Köln (ddp-nrw). Martin Kokott ist ein Chorleiter aus Leidenschaft. Wenn der 48-jährige Kölner in die Klaviertasten greift und Bass, Sopran und Tenor dirigiert, dann ist er in seinem Element. Jeder Takt wird wieder und wieder geprobt, bis auch der letzte Ton sitzt. Dass sich soviel Engagement bezahlt macht, zeigt sein Jugendchor St. Stephan. In diesem Jahr feiert der Kölner Chor sein 25-jähriges Jubiläum.
Der Chor gilt als einer der größten und erfolgreichsten Jugendchöre in Deutschland. Von der amerikanischen Metal-Band Manowar und den Rockern von P.O.D. über Kölns Kultband Bläck Föös bis hin zu Komikerin Anke Engelke - sie alle standen mit dem Jugendchor auf der Bühne.
Doch an einen Auftritt erinnert sich Kokott besonders gerne. Als 1999 die Staats- und Regierungschefs der führenden Industrienationen zum G8-Gipfel in Köln zu Besuch waren, ließ es sich der damalige US-Präsident Bill Clinton nicht nehmen und stimmte zusammen mit dem Chor "Oh happy day" an. Für Kokott war es ein "grandioses Erlebnis, mit dem mächtigsten Mann der Welt zu singen".
Den Erfolg des Jugendchores führt Kokott auch auf die musikalische Mischung zurück.
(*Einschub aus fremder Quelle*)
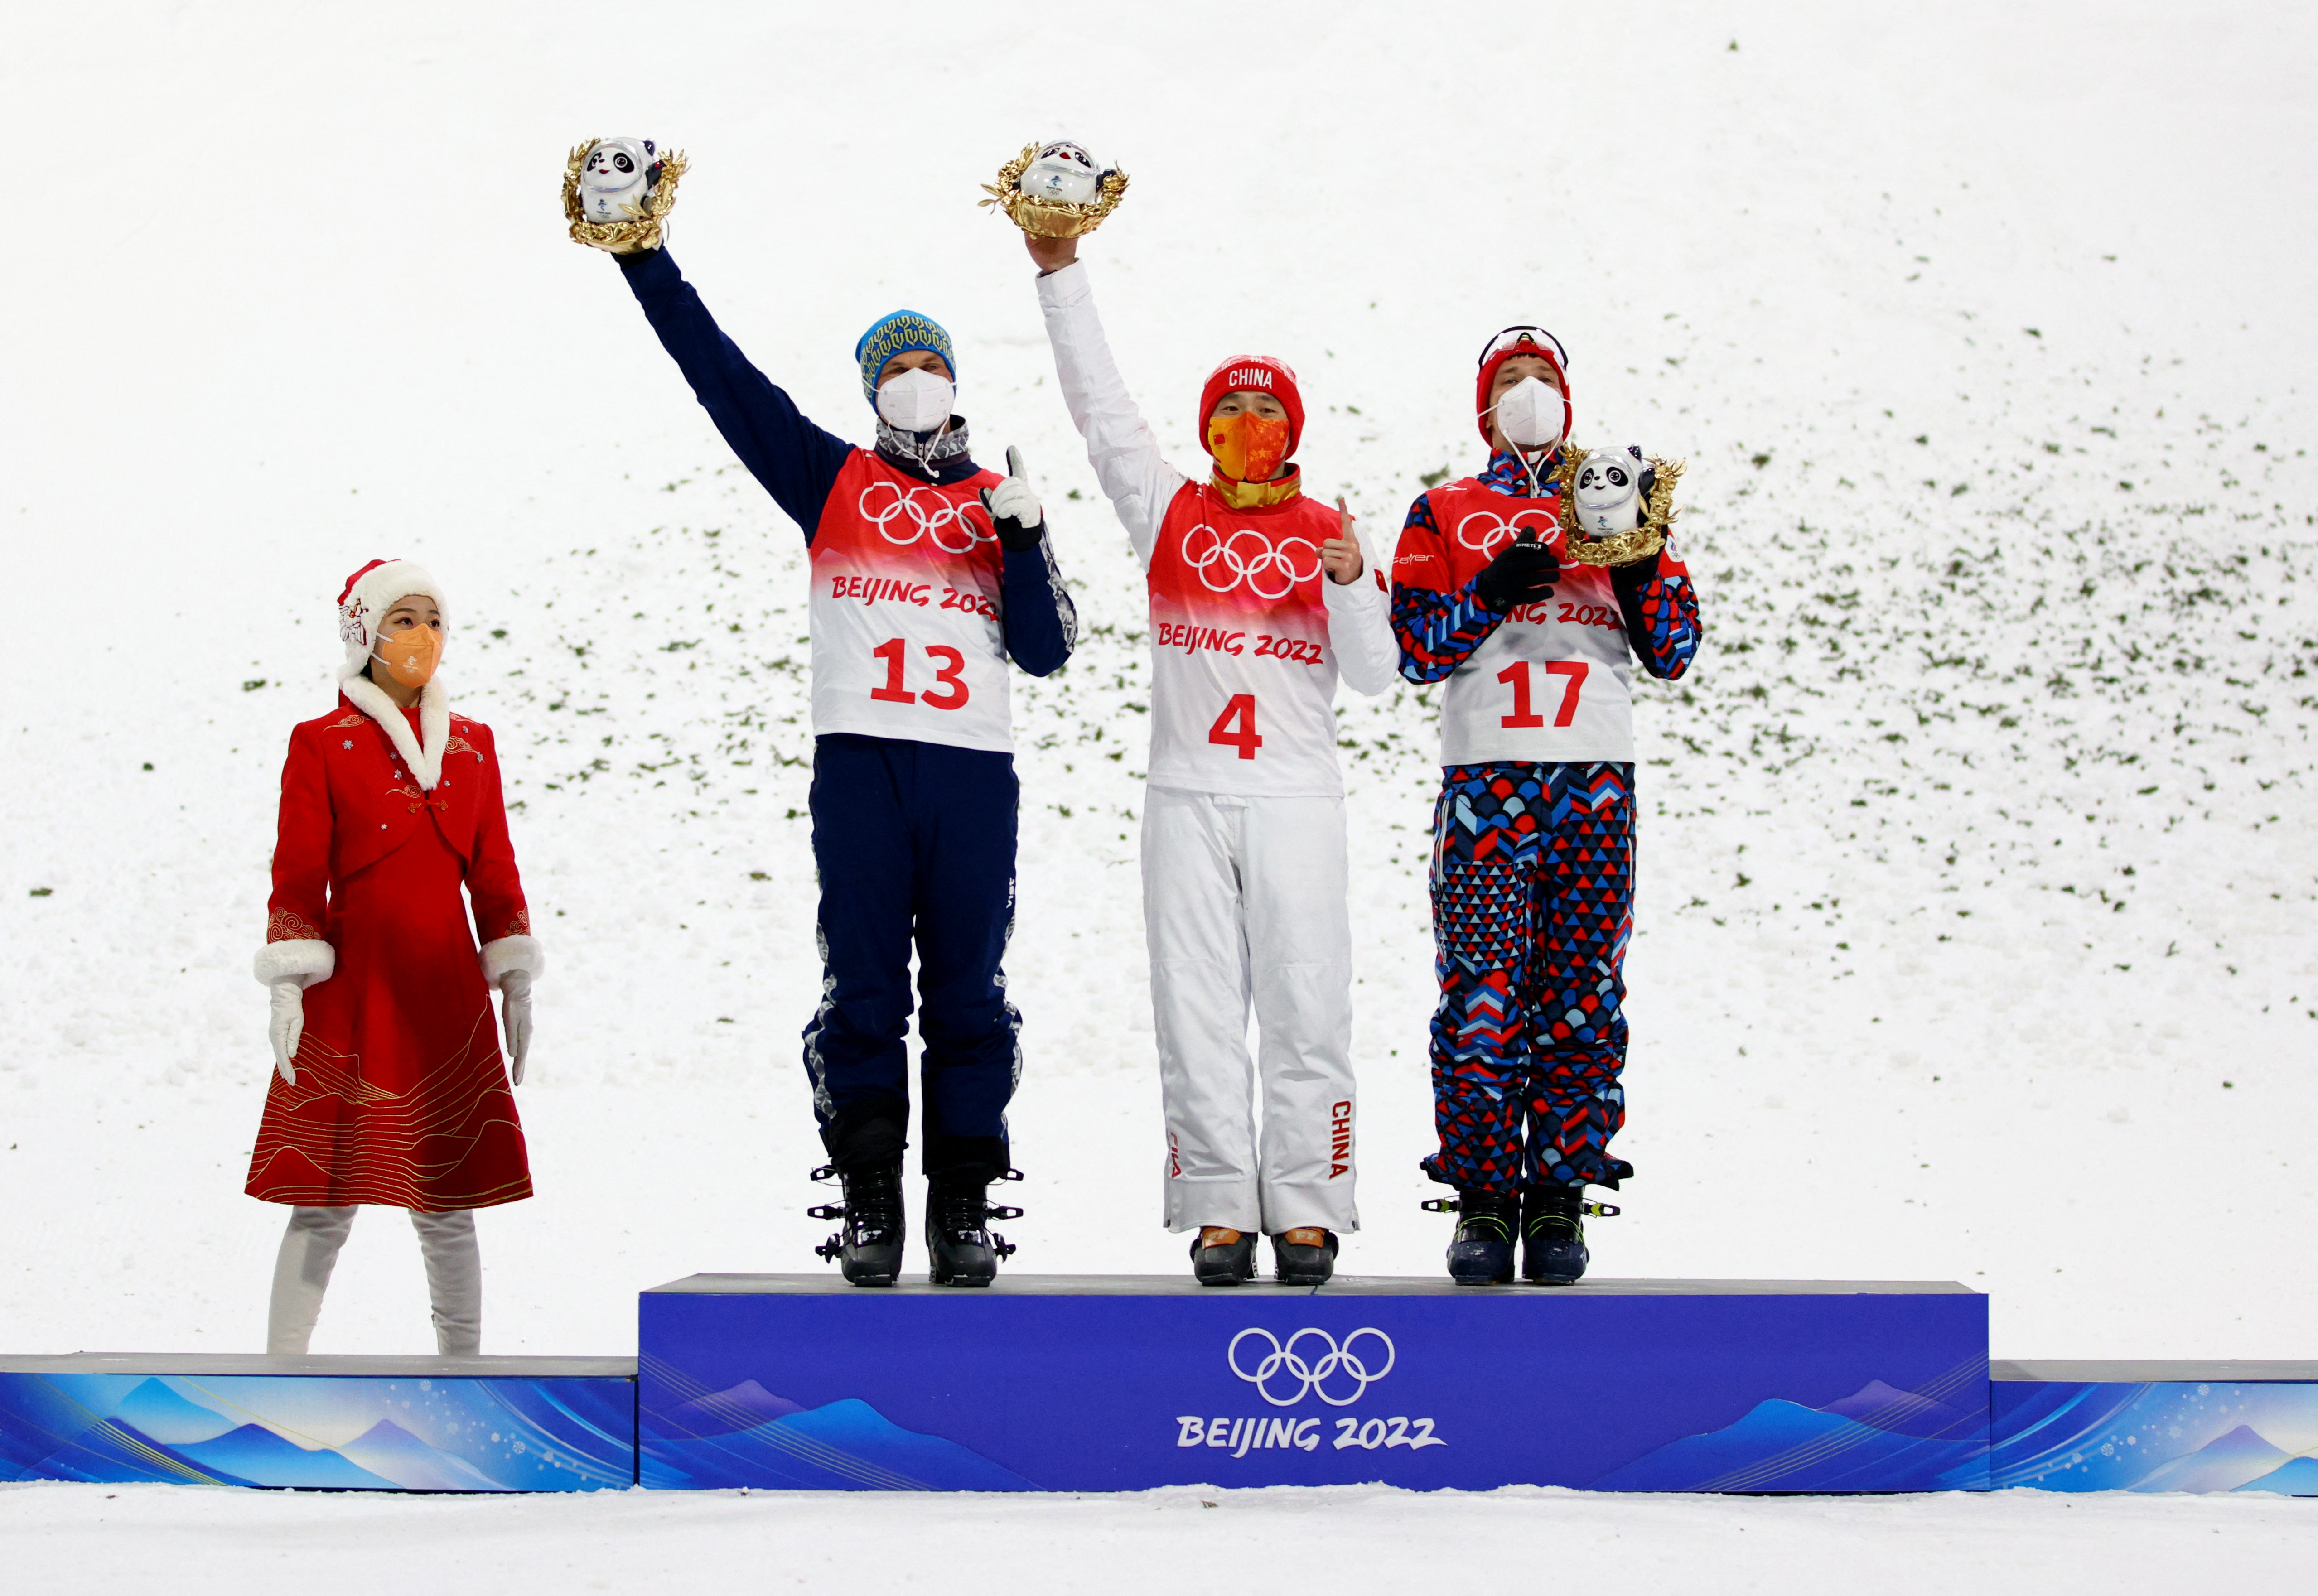 Олимпийским чемпионом стал китаец Ци Гуанпу, серебро у украинца Александра Абраменко, а бронза у представителя ОКР Ильи Бурова. Фото: REUTERS

Obwohl es sich um einen kirchlichen Chor handelt, hat sich Kokott schon früh auch für weltliche Musik geöffnet. "Ich habe schnell gemerkt, dass man mit Kirchenmusik alleine heutzutage keine Jugendlichen mehr begeistern kann", blickt der 48-Jährige zurück. So war es für ihn nur selbstverständlich, dass das Repertoire auch Popmusik, Gospel und sogar Karnevalslieder umfassen müsse.
Ganz ohne Widerstände und Kritik verlief die Öffnung in diese Richtung jedoch nicht. Von Kollegen wird Kokott oftmals noch immer für seine Arbeit belächelt. Doch von seinem Weg lässt sich der Chorleiter nicht abbringen: "Im Rückblick gibt der Erfolg mir recht."
So überrascht es nicht, dass sich Kokott keine Gedanken um Nachwuchsprobleme machen muss. Derzeit umfasst der Chor rund 100 Mitglieder im Alter von 16 bis 30 Jahren und ist damit an seine Grenzen der Kapazität gestoßen. Die Folgen sind ein ständiger Aufnahmestopp und lange Wartelisten. "Zum Glück bin ich in der komfortablen Situation, zwischen den besten Bewerbern auswählen zu können", sagt Kokott. Dies tut er in regelmäßig stattfindenden Castings.
Das Singen war schon immer ein wichtiges Element in Kokotts Leben. Er selber ist einem Kinderchor groß geworden und war damals schon vom Dirigenten fasziniert: "Zu Hause habe ich mich dann immer vor den Spiegel gestellt und seine Bewegungen ausprobiert." Als Sänger sammelte er früh Erfahrung, in dem er unter anderem die Titelmelodie der "Sesamstraße" mit aufgenommen hat. Da war es nur noch konsequent, dass Kokott ein Musikstudium absolvierte.
Inzwischen leitet er neben dem Jugendchor St. Stephan noch zehn weitere Chöre, die von Kindern bis hin zu Senioren alle Generationen umfassen. Im Laufe der Jahre hat Kokott viele Sänger kommen und gehen gesehen. Allein im Jugendchor waren es mehr als 700 Mitglieder, unter denen einige Naturtalente waren.
Dass das Chorwesen jedoch nicht nur als Talentschmiede, sondern auch als Partnerbörse dient, hat Kokott selbst erfahren. Seine eigene Ehefrau hat bereits als Chormitglied bei ihm mitgesungen und ihn dadurch kennen und lieben gelernt. Trotz der musikalischen Verbindung wird zu Hause wenig gesungen: "Das wäre dann zu viel. Ich singe ja schon den ganzen Tag über." Für die nächsten 25 Jahre hat er sich ein besonderes Ziel gesteckt: "Mein Traum ist es, mit einem eigenen Lied in die Charts zu kommen."